Aspect-based Sentiment Analysis (ABSA) is a vital NLP task that identifies sentiment towards specific entities or aspect terms within a text. Recently, large language models (LLMs) have shown impressive capabilities in semantic comprehension and logical inference. However, LLM hallucinations pose challenges in accurately determining sentiment polarity for aspect terms, leading to performance issues. Moreover, current ABSA methods often fail to fully leverage the vast prior knowledge embedded within LLMs, resulting in suboptimal classification outcomes for specific aspects. Inspired by these challenges, we propose the BYD-OBS-ABSA framework—‘Beyond Simple Observations, Embracing Comprehensive Contextual Insights’ for ABSA tasks. This framework leverages unique in-context constraints, backgrounds, and analogical reasoning to address LLM hallucinations and uses self-adaptive bootstrap instructions optimization to enhance LLM predictions. BYD-OBS-ABSA integrates various in-context augmentation strategies, including emotion-oriented backgrounds, constraints, and analogical reasoning. BYD-OBS-ABSA further improves initial LLM instructions through adaptive iterative optimization using a random search bootstrap algorithm, maximizing the benefits of LLM prompting. Extensive zero/few-shot experiments with GPT-3.5-turbo across six public datasets validate the effectiveness and robustness of our framework, even surpassing human judgment in certain scenarios.

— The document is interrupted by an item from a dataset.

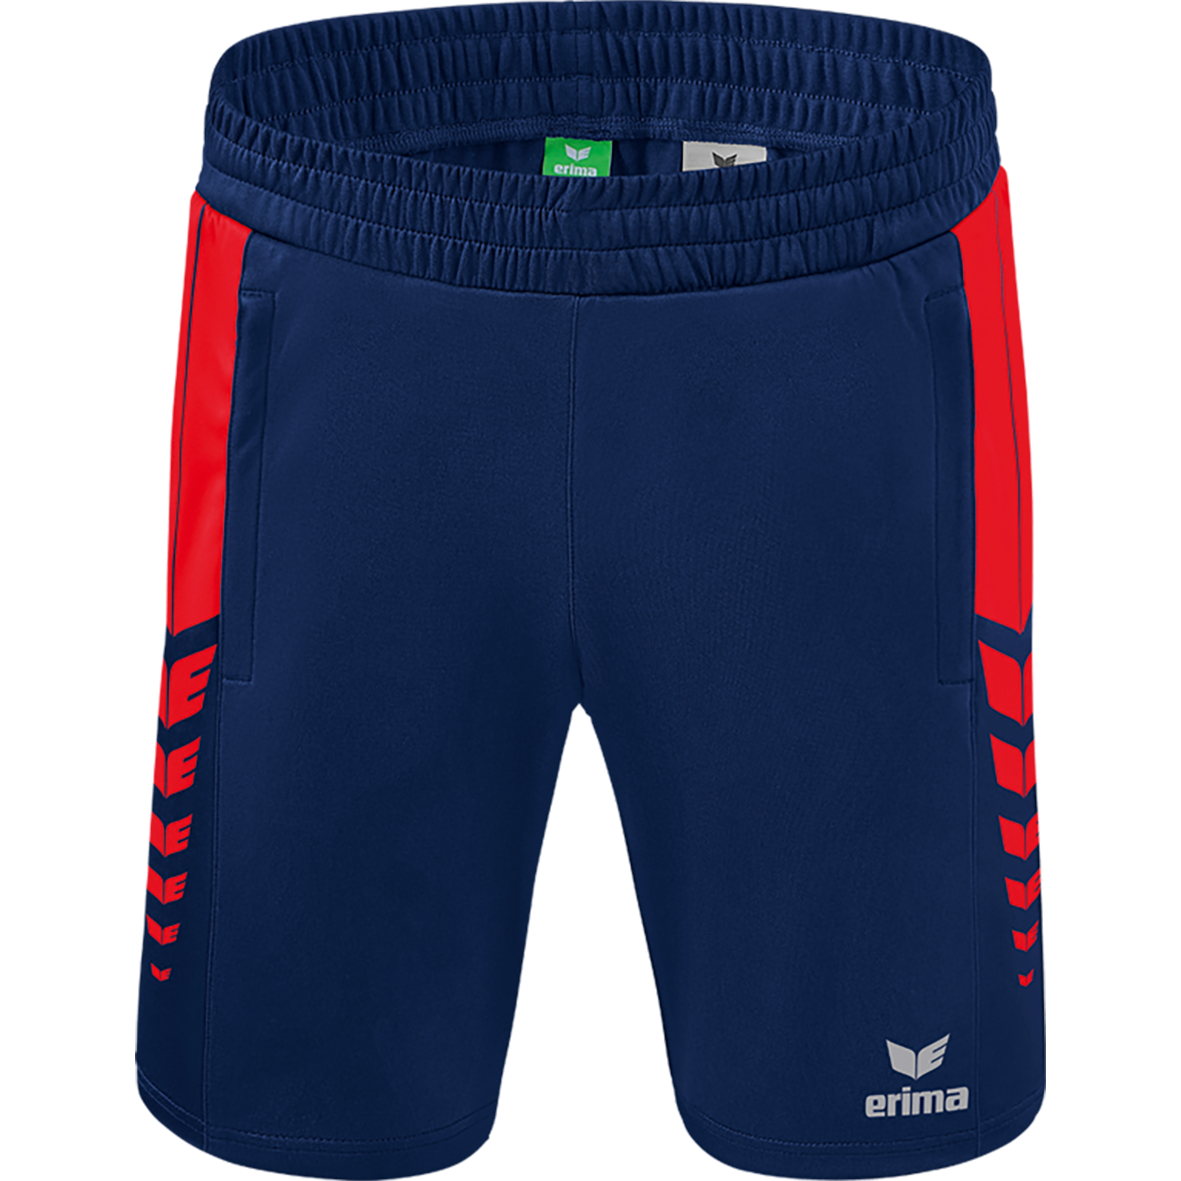 ERIMA SIX WINGS WORKER SHORTS, NEW NAVY-RED KIDS.

基于方面的情感分析(ABSA)是一项重要的NLP任务,用于识别对文本中特定实体或方面术语的情感。近年来,大型语言模型(llm)在语义理解和逻辑推理方面表现出了令人印象深刻的能力。然而,LLM幻觉在准确确定方面术语的情感极性方面提出了挑战,从而导致性能问题。此外,目前的ABSA方法往往不能充分利用llm中嵌入的大量先验知识,导致特定方面的分类结果不理想。受到这些挑战的启发,我们提出了针对ABSA任务的BYD-OBS-ABSA框架——“超越简单观察,拥抱全面的情境洞察”。该框架利用独特的上下文约束、背景和类比推理来解决LLM幻觉,并使用自适应引导指令优化来增强LLM预测。BYD-OBS-ABSA集成了各种情境增强策略,包括情感导向背景、约束和类比推理。BYD-OBS-ABSA通过使用随机搜索自举算法的自适应迭代优化进一步改进初始LLM指令,最大化LLM提示的好处。在六个公共数据集上使用gpt -3.5 turbo进行了大量零/少射实验,验证了我们框架的有效性和鲁棒性,甚至在某些情况下超越了人类的判断。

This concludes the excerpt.